*DATASET CONTENT*:
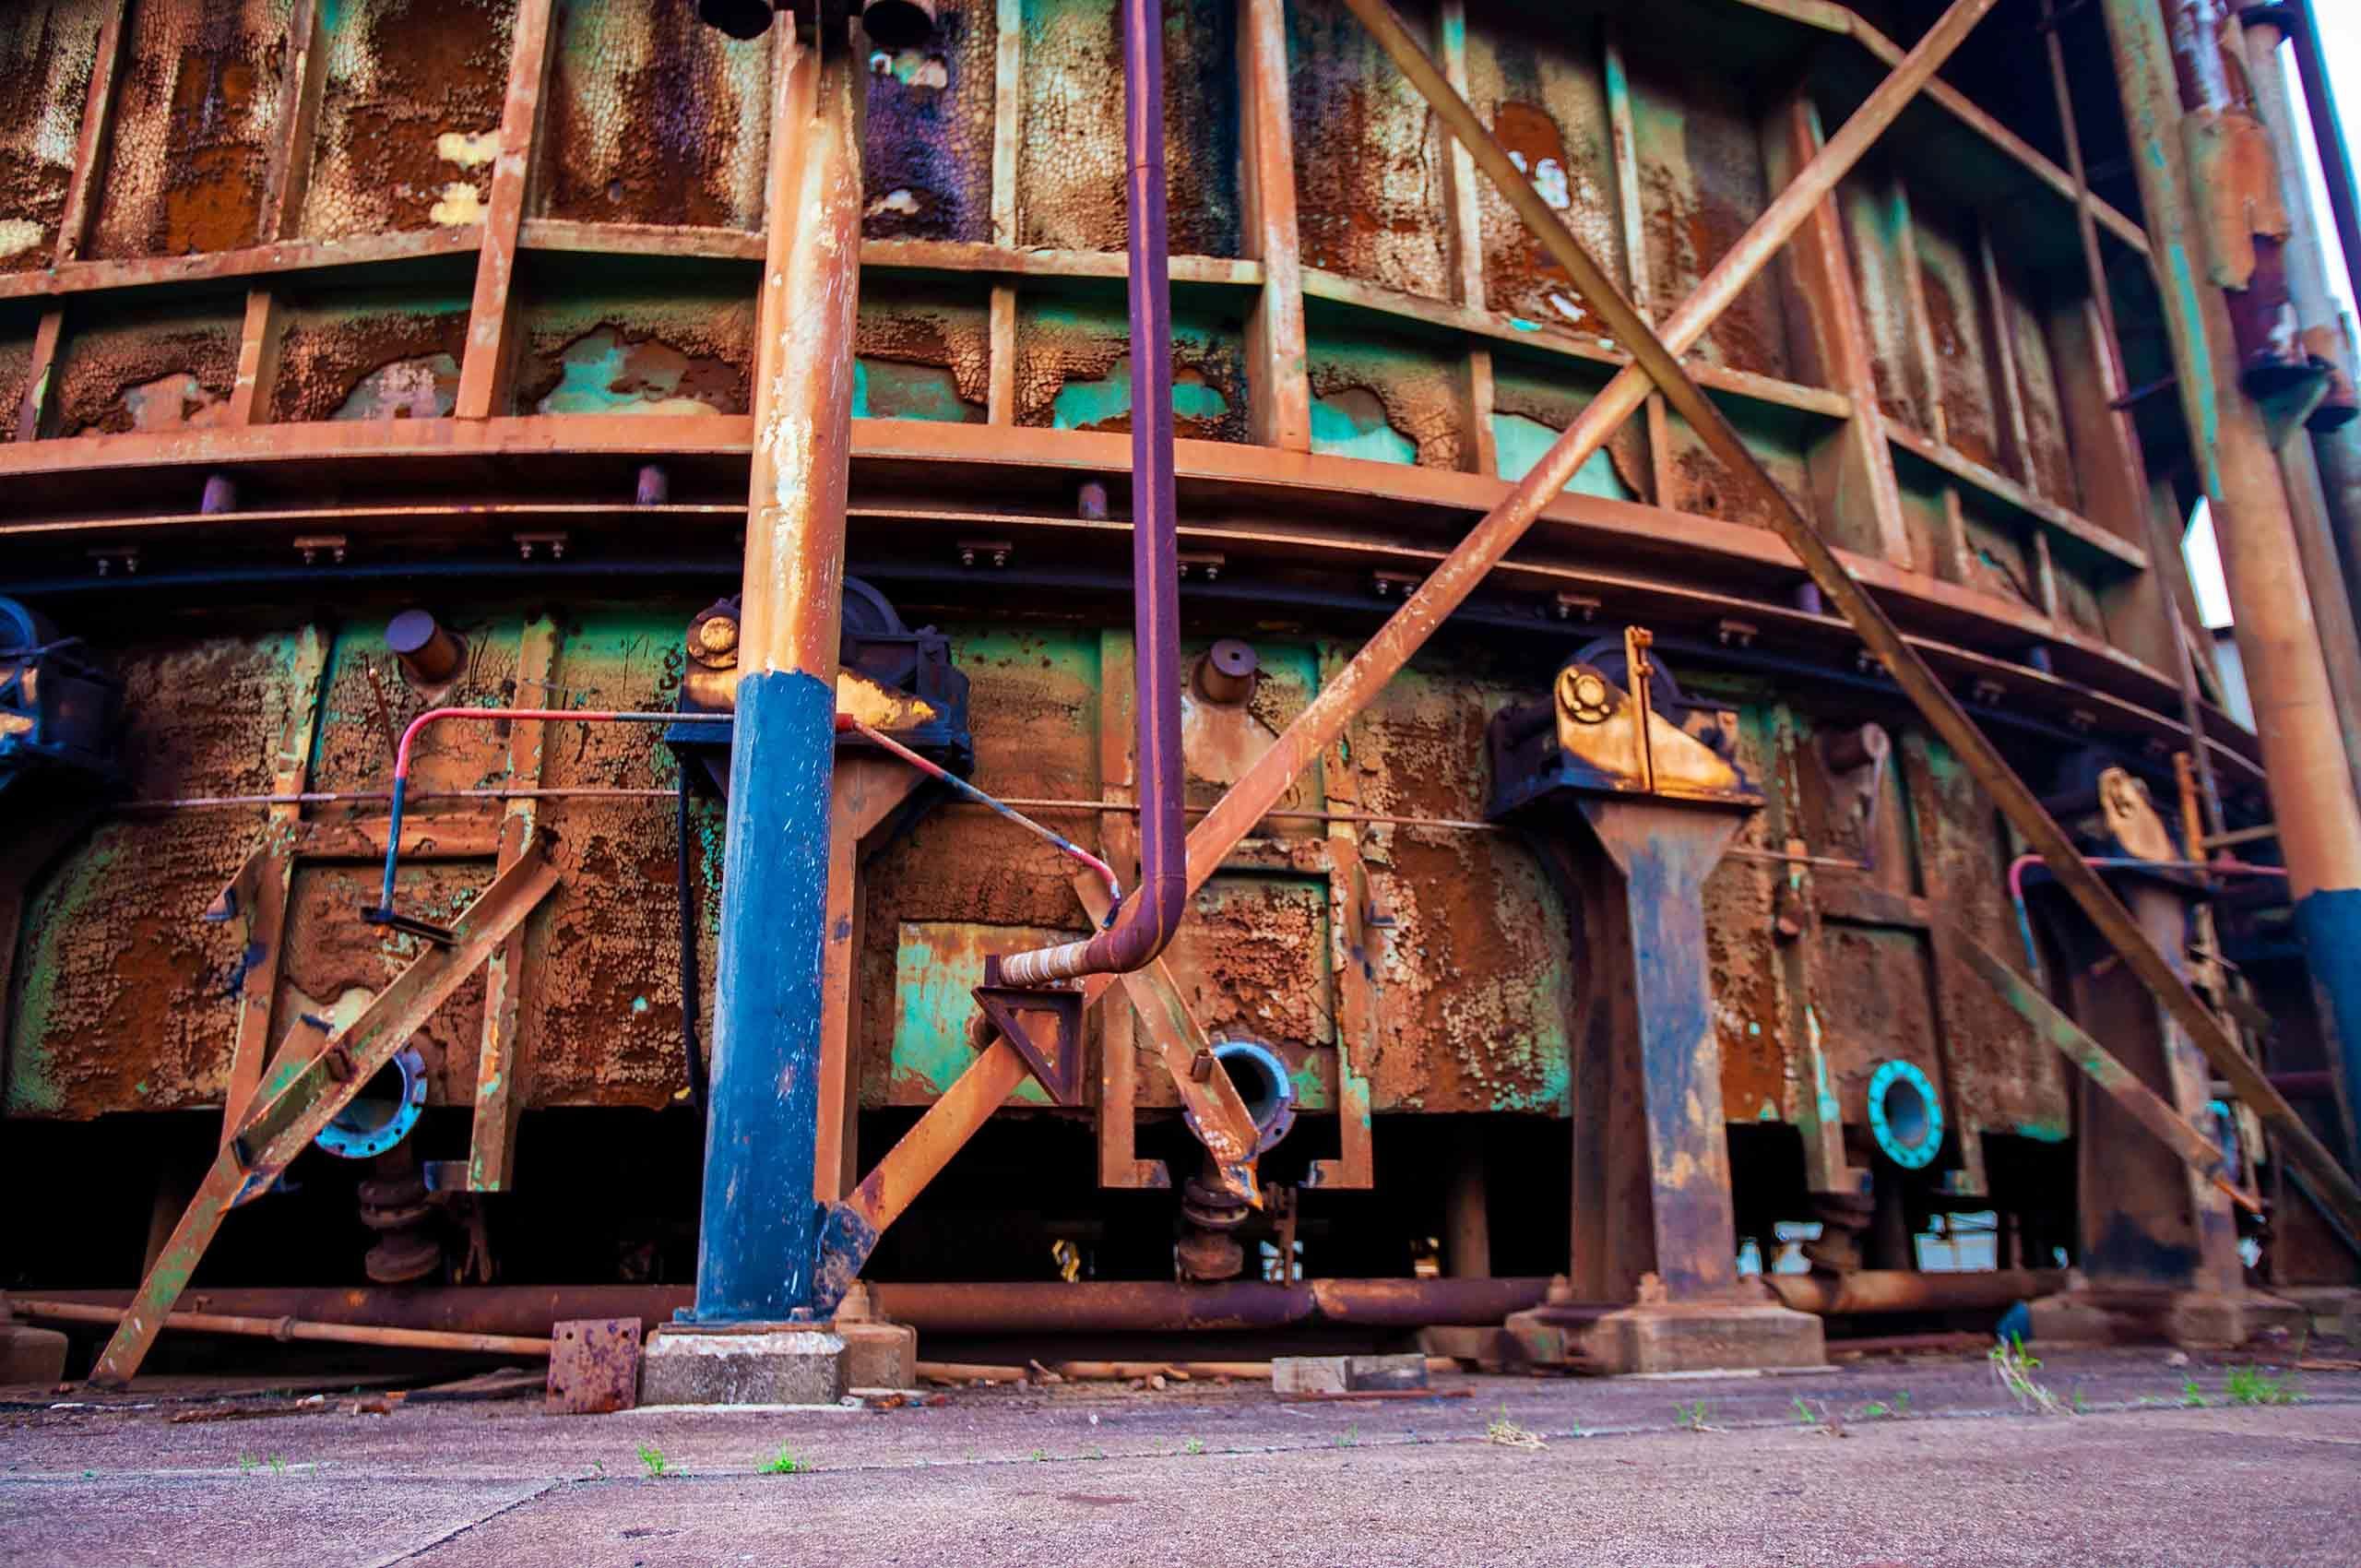 Old abandoned sugar refinery in Maui Hawaii Baldwin AVENUE rusty industrial
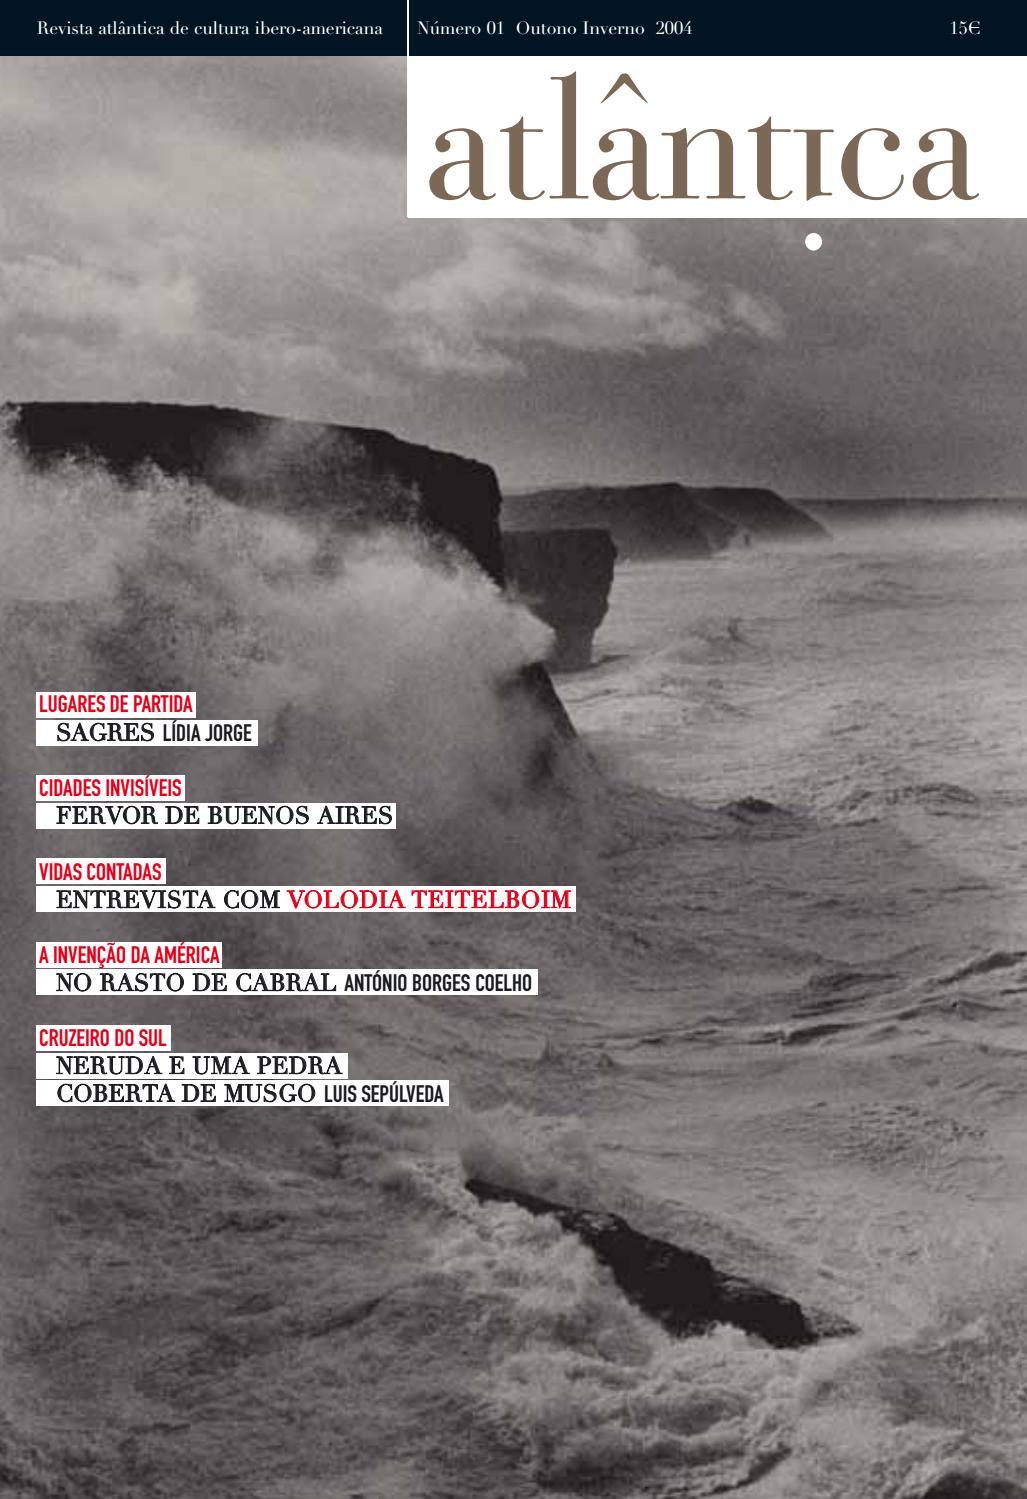 f6190a2dbfe3d Revista Atlântica de Cultura Ibero-Americana 01 by icia - issuu
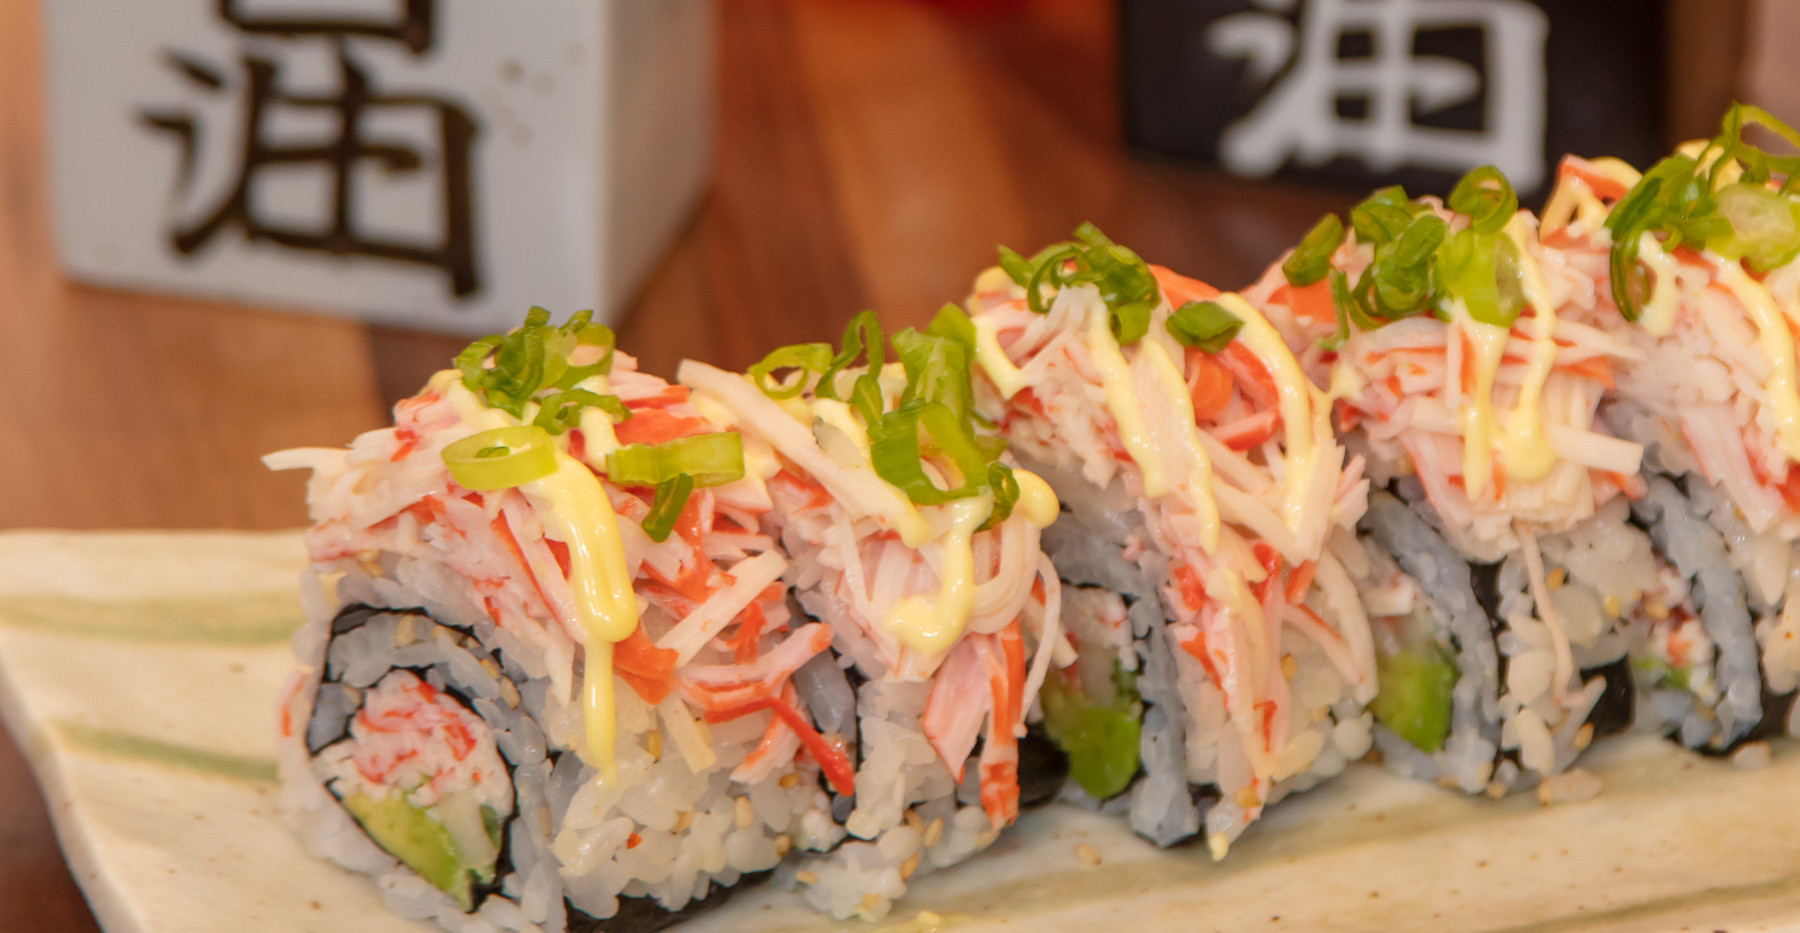 Sushi Rolls - set 2 - 1Z3A1597.jpg
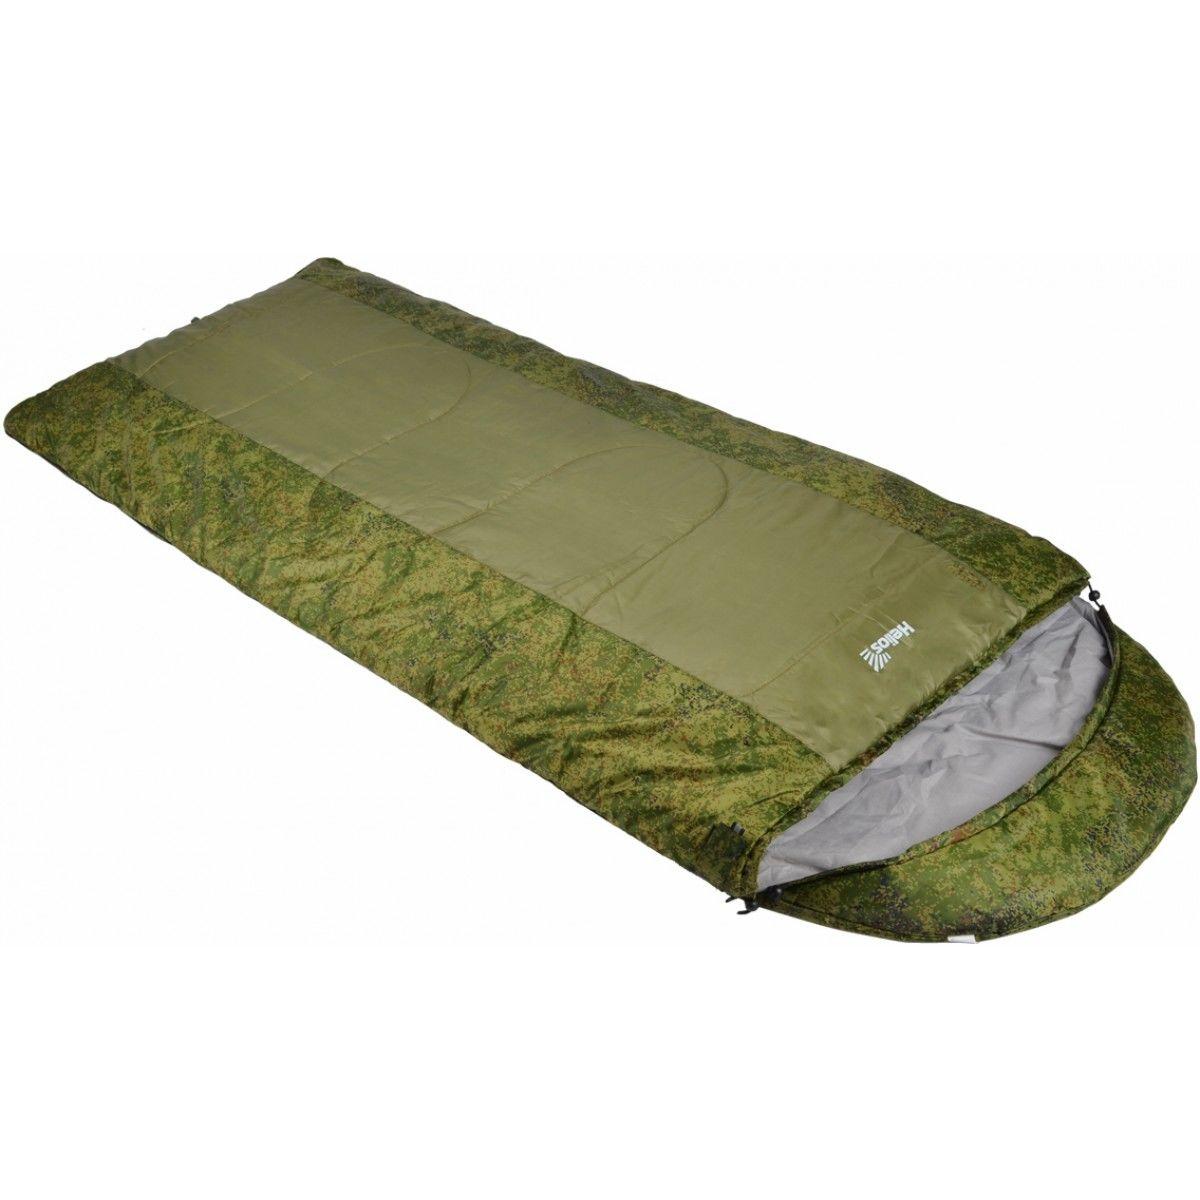 Как выбрать спальный мешок для похода и рыбалки по росту, форме и температуре

*WHAT TO WORK ON*: Your answer should contain all the material above, written out exactly, and none of the pictures.

*WRITTEN ANSWER*:
 Old abandoned sugar refinery in Maui Hawaii Baldwin AVENUE rusty industrial
 f6190a2dbfe3d Revista Atlântica de Cultura Ibero-Americana 01 by icia - issuu
 Sushi Rolls - set 2 - 1Z3A1597.jpg
 Как выбрать спальный мешок для похода и рыбалки по росту, форме и температуре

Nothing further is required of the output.